Submission Type: BLA Submission ID: 125363/0 Office: OVRR
Meningococcal Groups C and Y and Haemophilus b Tetanus Toxoid Conjugate Vaccine
Telecon Date/Time: 03-May-2012 12:30 PM Initiated by FDA? Yes
Telephone Number: ----b(4)----------
1. Information Request
Author: KIRK PRUTZMAN
Tcon to discuss the 5/2/2012 IR sent to GSK
FDA Participants: KIRK PRUTZMAN, JOSEPH TEMENAK, DAVID STATEN, TINA ROECKLEIN
Non-FDA Participants: Jody Gould, Norris Pyle
Trans-BLA Group: No
Related STNs: None
Related PMCs: None
CBER and GSK met to follow up on the earlier, 10:00 am 5/3/2012 tcon to follow up on several items.

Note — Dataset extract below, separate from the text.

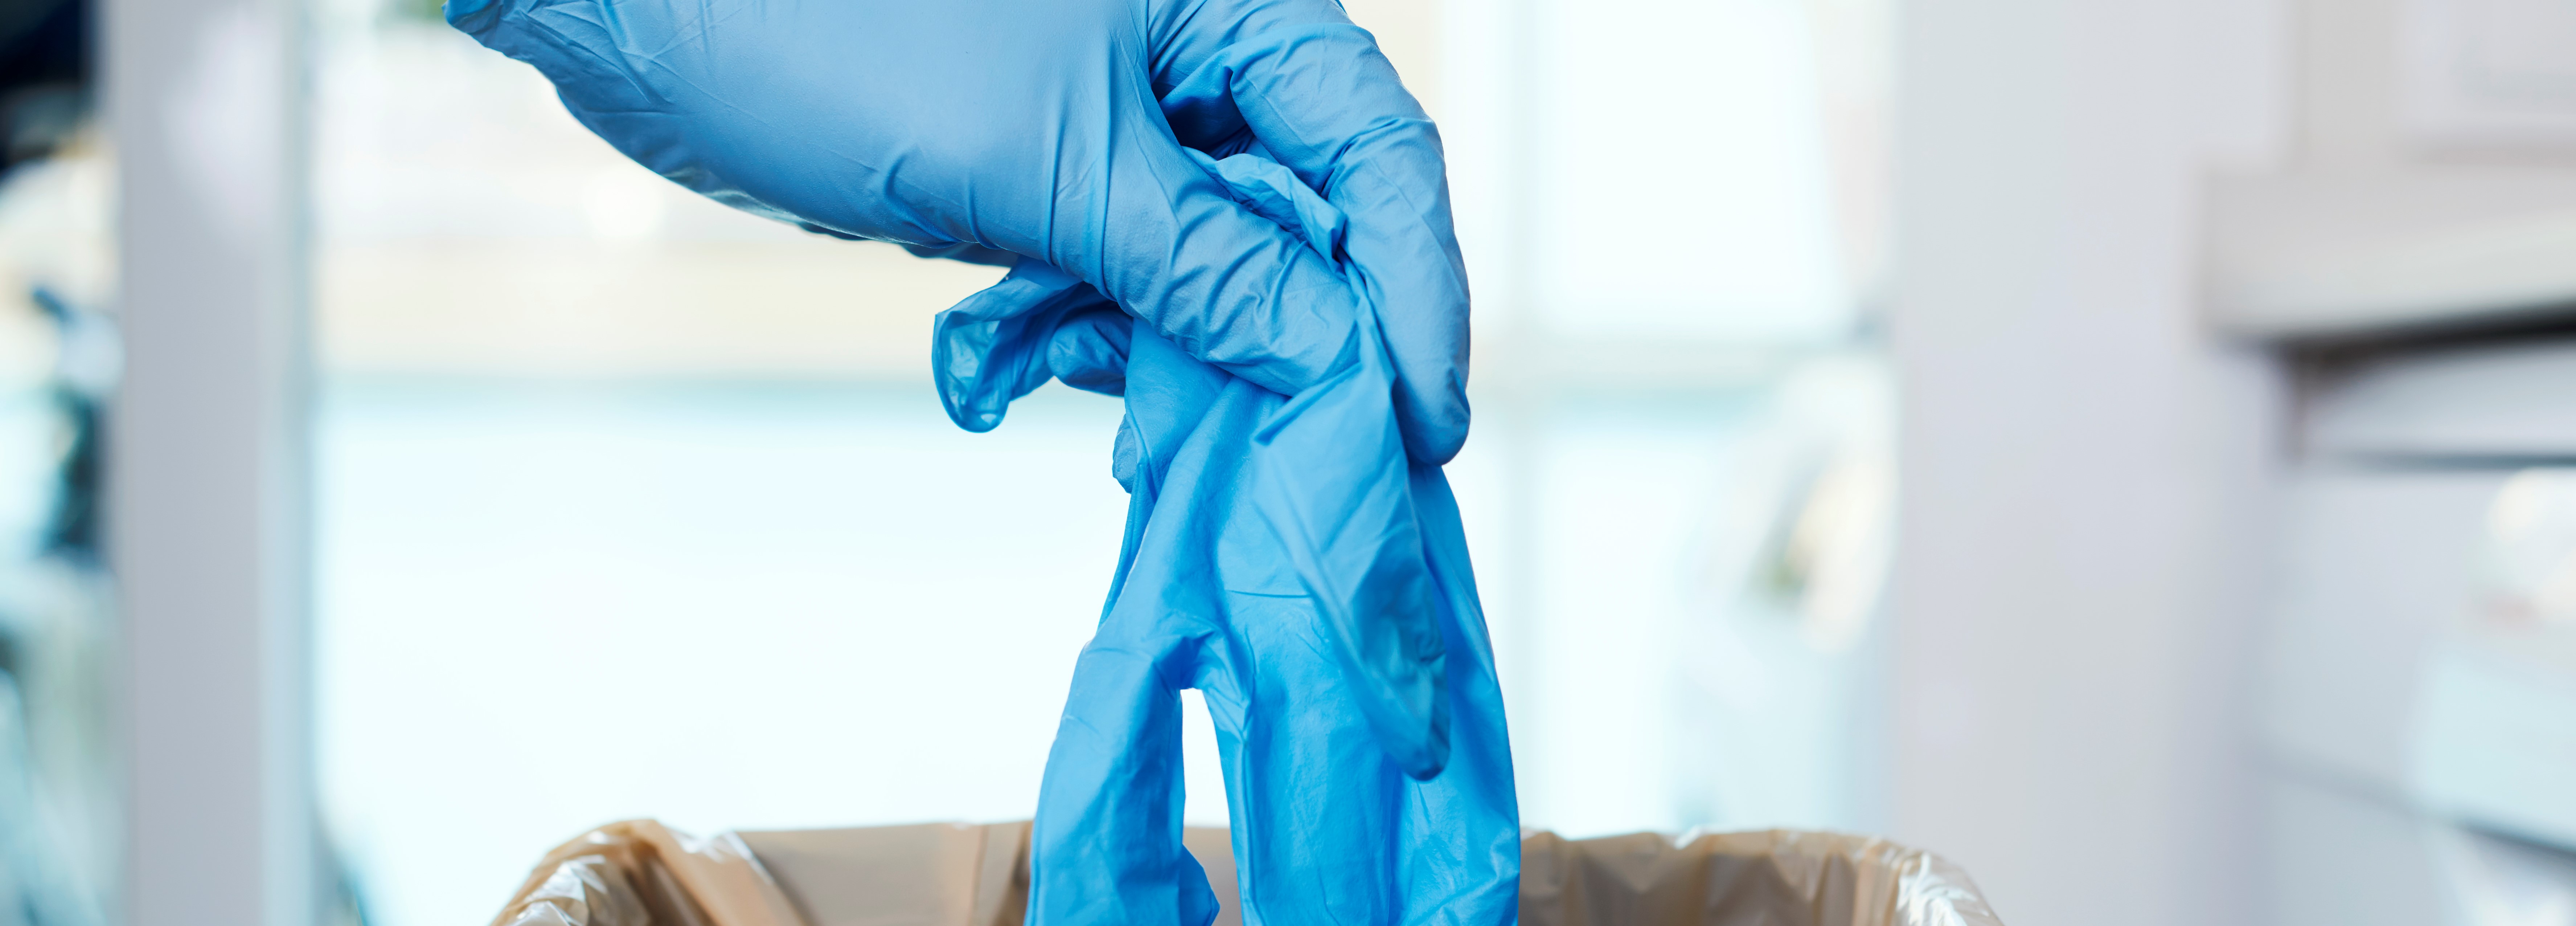 Das Bild zeigt eine Hand mit einem blauen medizinischen Handschuh an, welche einen anderen dieser Handschuhe in einen Mülleimer wirft.

CBER confirmed that release and stability testing should be conducted on MenHibrix reconstituted in saline and confirmed that GSK can use the current specifications with -b(4)--- to run their tests. Any changes in test specifications that result from changing to saline diluent should be submitted as a Prior Approval Supplement after approval. CBER also confirmed that change to saline will not require re-validation. CBER reiterated that the lot number and expiry should be printed on the carton and not on a sticker.